PROC. -:- 2010.03.99.018877-5 AC 1513562

D.J. -:- 2/2/2011

APELAÇÃO CÍVEL Nº 0018877-90.2010.4.03.9999/SP

2010.03.99.018877-5/SP

RELATORA : Desembargadora Federal THEREZINHA CAZERTA

APELANTE : Instituto Nacional do Seguro Social - INSS

ADVOGADO : ELIANA COELHO

: HERMES ARRAIS ALENCAR

APELADO : NAIR FERNANDES DE ABREU LONGO (= ou > de 60 anos)

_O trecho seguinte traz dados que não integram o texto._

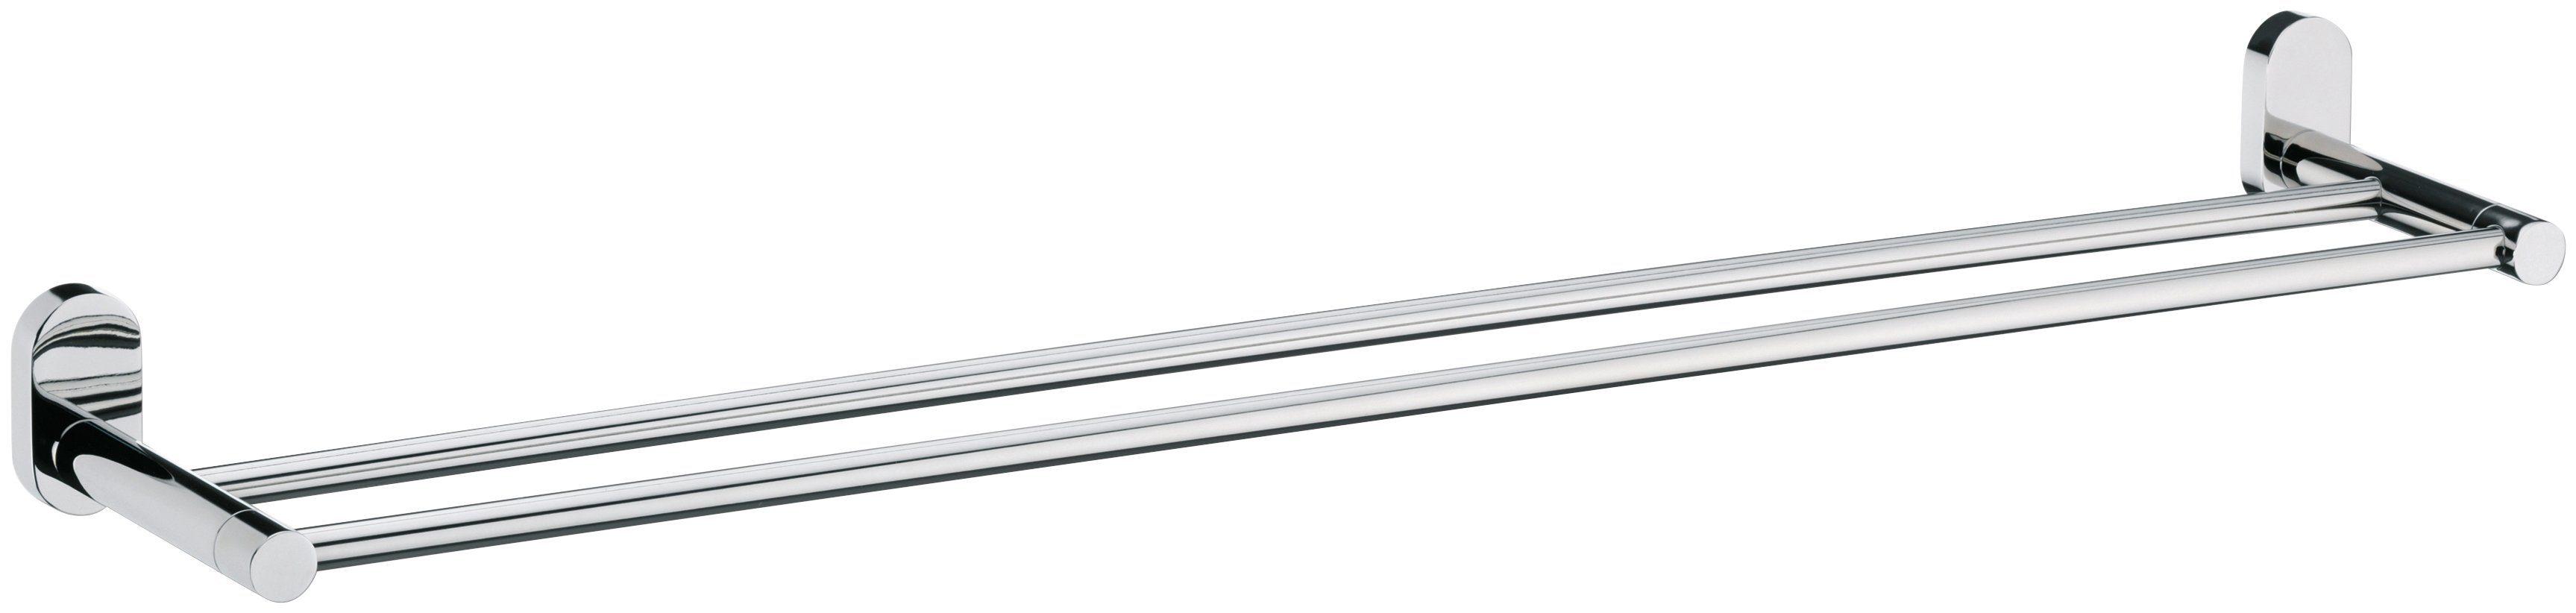 KELA Doppelhandtuchhalter »Lucido«, Edelstahl 18/10 glänzend, 75,5 x 12,5 x 6 cm

ADVOGADO : ALEXANDRA DELFINO ORTIZ

No. ORIG. : 07.00.00291-5 2 Vr MOGI GUACU/SP

DECISÃO

Demanda objetivando a concessão de auxílio-doença desde 18.01.2007, a ser transformado em aposentadoria por invalidez, caso comprovada a incapacidade insuscetível de reabilitação. Requerida a antecipação dos efeitos da tutela.

Indeferida a antecipação dos efeitos da tutela.

Pedido julgado procedente no primeiro grau de jurisdição para conceder aposentadoria por invalidez a partir de janeiro de 2007, observada a prescrição quinquenal, com acréscimo de abono anual e de juros de mora. Concedida a antecipação dos efeitos da tutela. Réu condenado em custas, despesas processuais e honorários advocatícios, fixados em 10% do valor atribuído à causa, devidamente atualizado. Sentença publicada em 20.10.2009, não submetida a reexame necessário.

O INSS apresentou proposta de acordo - rejeitada pela autora - e apelou, pleiteando a parcial reforma da sentença. Requer a fixação do termo inicial do benefício na data da apresentação do laudo pericial em juízo; que até 29.06.2009 a correção monetária seja fixada a partir do ajuizamento da demanda, nos termos da Lei nº 6.899/81 e da Súmula 148 do STJ, e a incidência de juros de mora à taxa legal de 0,5% ao mês, a partir da citação válida, e, a partir de 30.06.2009, que a atualização monetária e os juros de mora sejam estipulados com base nos índices oficiais de remuneração básica e juros aplicados à caderneta de poupança, conforme artigo 1º-F da Lei nº 9.494/97, na redação dada pela Lei nº 11.960/2009; além da compensação dos valores já pagos.

Com contrarrazões.

É o relatório.

Decido.

Corolário do princípio da celeridade processual, os poderes conferidos ao relator pelo artigo 557 do Código de Processo Civil permitem o julgamento singular do próprio mérito do recurso, in verbis:

"Art. 557. O relator negará seguimento a recurso manifestamente inadmissível, improcedente, prejudicado ou em confronto com súmula ou jurisprudência dominante do respectivo tribunal, do Supremo Tribunal Federal, ou de Tribunal Superior. § 1º-A Se a decisão recorrida estiver em manifesto confronto com súmula ou com jurisprudência dominante do Supremo Tribunal Federal, ou de Tribunal Superior, o relator poderá dar provimento ao recurso."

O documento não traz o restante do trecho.